Эльфийская княгиня излучала вызывающую уверенность. Она была красивой женщиной. Каждый ее жест был тщательно отрепетирован. Она знала о том, какое впечатление производит, что излучает. Кроме того, она одевалась в ледяной панцирь, делавший невозможными все попытки подобраться ближе и хотя бы угадать ее истинные чувства, и в мгновение ока могла совершенно измениться. Располагающая улыбка, многообещающий взгляд, ленивое потягивание… С ней можно было осуществить самые темные желания… Сны, от которых можно проснуться ночью в поту, о пропастях в которых не сорвется ни одно слово… С Алатайей это можно было реализовать.

Эмерелль никогда не чувствовала влечения к женщинам, но даже она не осталась совершенно равнодушной к чувственной ауре княгини Ланголлиона.

— Значит, ты знаешь, как можно собрать камень.

Пламя свечей отразилось на темных, гранатовых губах княгини.

— Тебе не понравится то, что ты услышишь, Эмерелль.

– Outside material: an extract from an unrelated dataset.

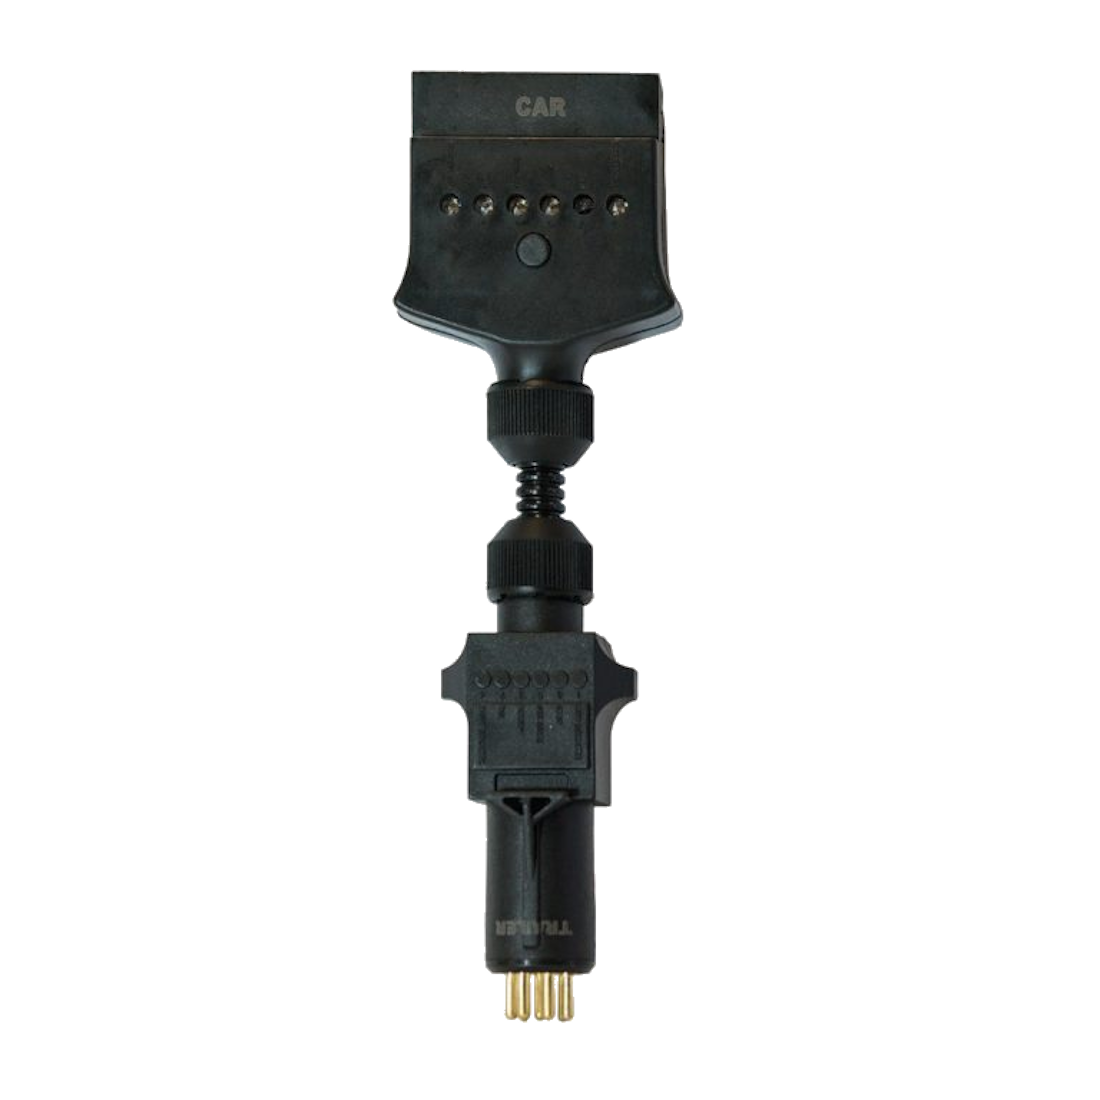 Adaptor 7 Pin, Flat Socket to 7 Pin Small Plug

И все дело в том, что наш народ на протяжении многих веков томится пленником собственных границ морали. Мы замерли в неподвижности, не в силах приспособиться к новым временам. И мы погибнем, потому что тебе недостает мужества оставить позади лживые моральные ограничения. Лишь магия крови обладает силой, способной собрать камень альвов. Я требую от тебя тринадцать детей благородных кровей. Это должны быть эльфийские дети, рожденные в наших самых древних семьях. В них жизненный свет горит сильнее всего. Если эту силу правильно направить, камню можно будет вернуть его первоначальную форму.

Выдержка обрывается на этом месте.